Grouping the $y_h$ and $y_l$ terms gives

$y = \frac{1}{x_h-x_l}\left[\left(x - x_l\right)y_h + \left(x_h - x\right)y_l \right].$

Redistributing $1/(x_h-x_l)$ gives

$y = \frac{x-x_l}{x_h-x_l}y_h + \frac{x_h-x}{x_h-x_l}y_l,$

which is the equation for the weighted average.

The code

Finding the weighted average using the resampling method introduced in the Weighted Average post is still usable for other weighted averages; however, using the resampling method with linear interpolation will prove to be computationally faster for our weighted average.

The python code for this is relatively simple, since pandas does all of the heavy lifting for us. Recall the data for the entries and exits for each station looks as follows.

UNIT_AND_SCP	R050 00-00-00	R050 00-00-01	R050 00-00-02	R050 00-00-03	…
DATE_AND_TIME
2017-02-18 03:00:00	6240218.0	8456367.0	2810319.0	52911.0	…
2017-02-18 07:00:00	6240237.0	8456370.0	2810321.0	52912.0	…
2017-02-18 11:00:00	6240273.0	8456398.0	2810328.0	52917.0	…
2017-02-18 15:00:00	6240409.0	8456484.0	2810371.0	52929.0	…
2017-02-18 19:00:00	6240650.0	8456654.0	2810441.0	52954.0	…

The first step is to use interpolation to break the data up into one hour intervals.

df = df.resample('1H').interpolate() 

UNIT_AND_SCP	R050 00-00-00	R050 00-00-01	R050 00-00-02	R050 00-00-03	…
DATE_AND_TIME
2017-02-18 03:00:00	6240218.00	8456367.00	2810319.0	52911.00	…
2017-02-18 04:00:00	6240222.75	8456367.75	2810319.5	52911.25	…
2017-02-18 05:00:00	6240227.50	8456368.50	2810320.0	52911.50	…
2017-02-18 06:00:00	6240232.25	8456369.25	2810320.5	52911.75	…
2017-02-18 07:00:00	6240237.00	8456370.00	2810321.0	52912.00	…

Now that each of the hours has a representative data point, we will collapse the hours into four hour time bins and take the first possible data point on that interval for the representative data point.

df = df.resample('4H').first() 

UNIT_AND_SCP	R050 00-00-00	R050 00-00-01	R050 00-00-02	R050 00-00-03	…
DATE_AND_TIME
2017-02-18 00:00:00	6240218.00	8456367.00	2810319.00	52911.00	…
2017-02-18 04:00:00	6240222.75	8456367.75	2810319.50	52911.25	…
2017-02-18 08:00:00	6240246.00	8456377.00	2810322.75	52913.25	…
2017-02-18 12:00:00	6240307.00	8456419.50	2810338.75	52920.00	…
2017-02-18 16:00:00	6240469.25	8456526.50	2810388.50	52935.25	…

The results are the same as the weighted average method used in the weighted average post.

To compare the speed of the two methods, I took entries data for one turnstile column from the 59 ST station.

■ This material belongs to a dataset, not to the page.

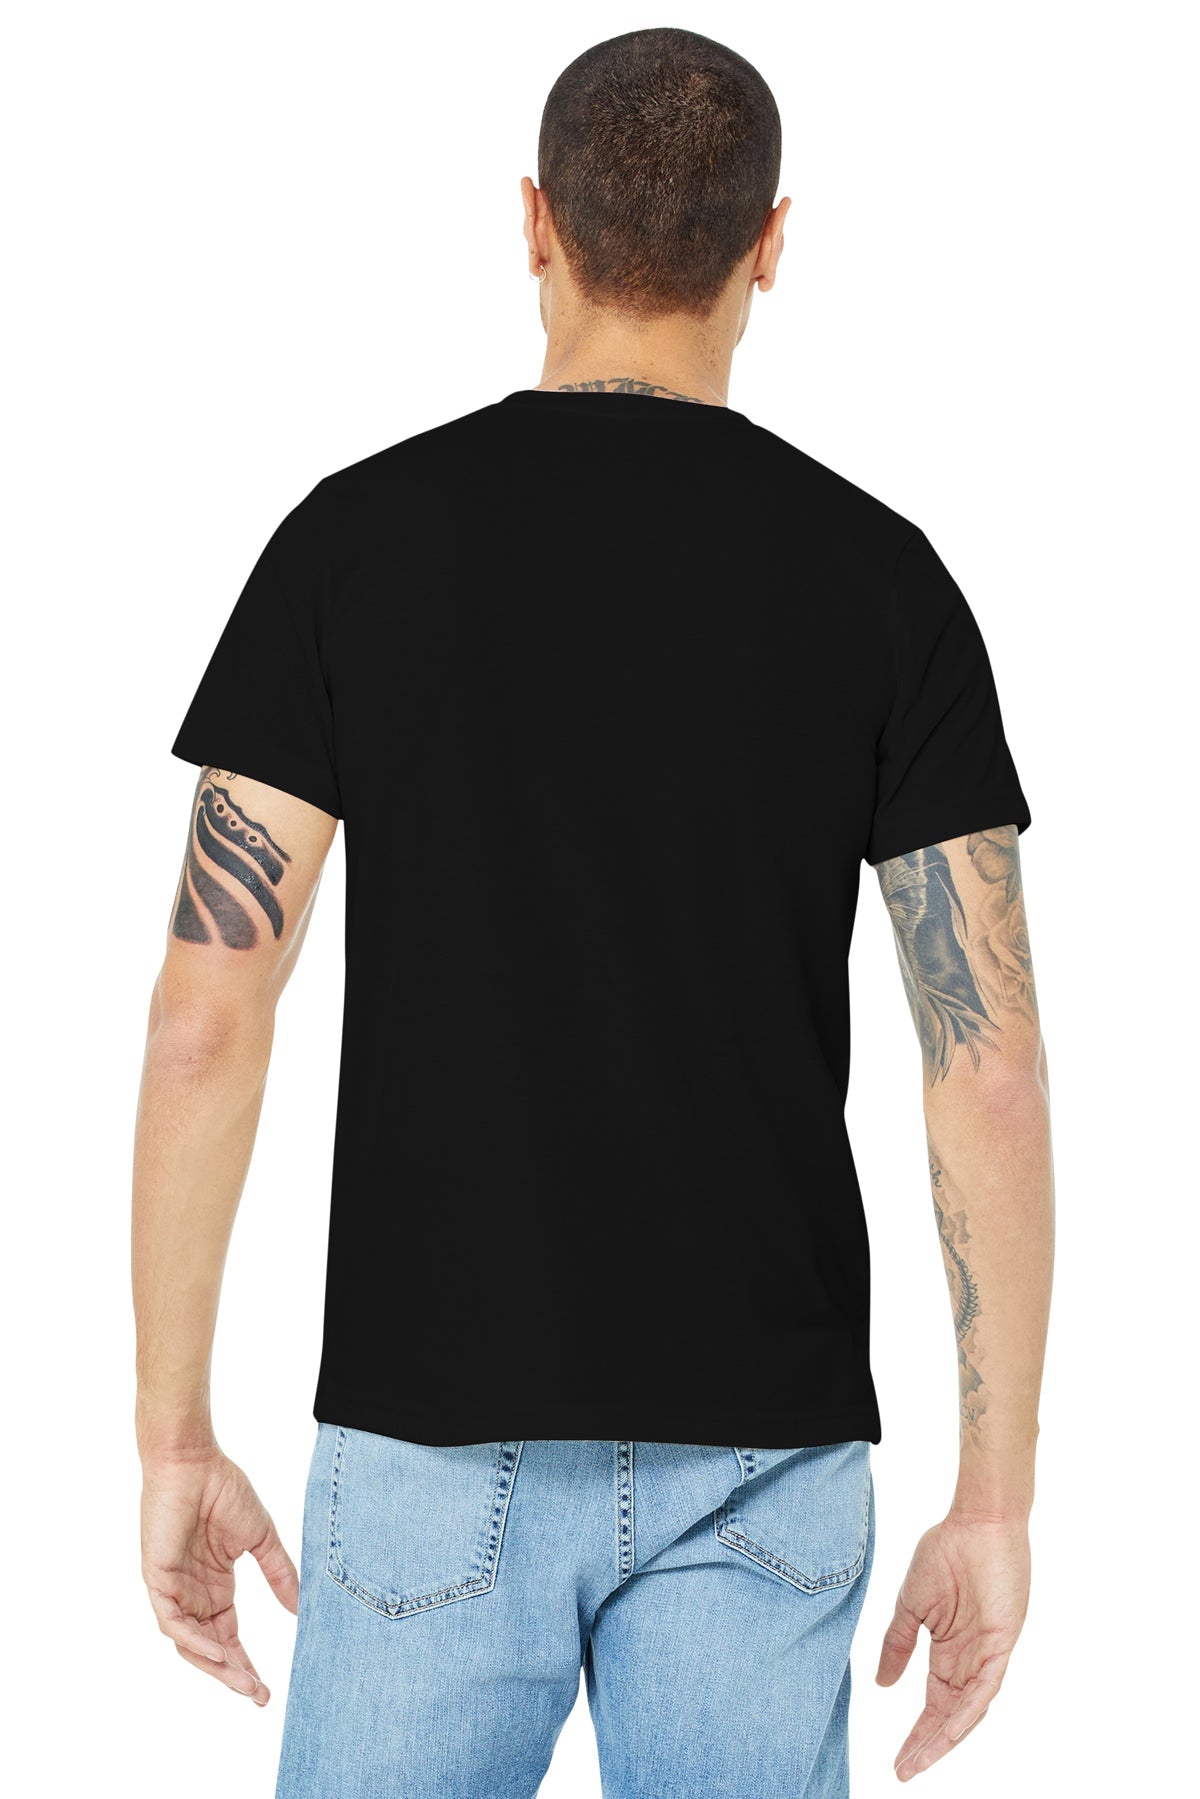 bella + canvas unisex made in the usa jersey short sleeve t-shirt 3001u black

The weighted average method introduced in the previous blog post took an average of 5.29 seconds to run, while the interpolation method introduced above took an average of 115 ms.

Conclusion

To recap, linear interpolation is a form of a weighted average. More specifically, it is the weighted average with the weights that are inversely related to the distance from the desired point.

The big take away from this is to always know how your methods are connected, if there is a connection. By doing a five minute mathematical proof of the two methods, I could have saved myself a lot of time and provided more useful results to the project.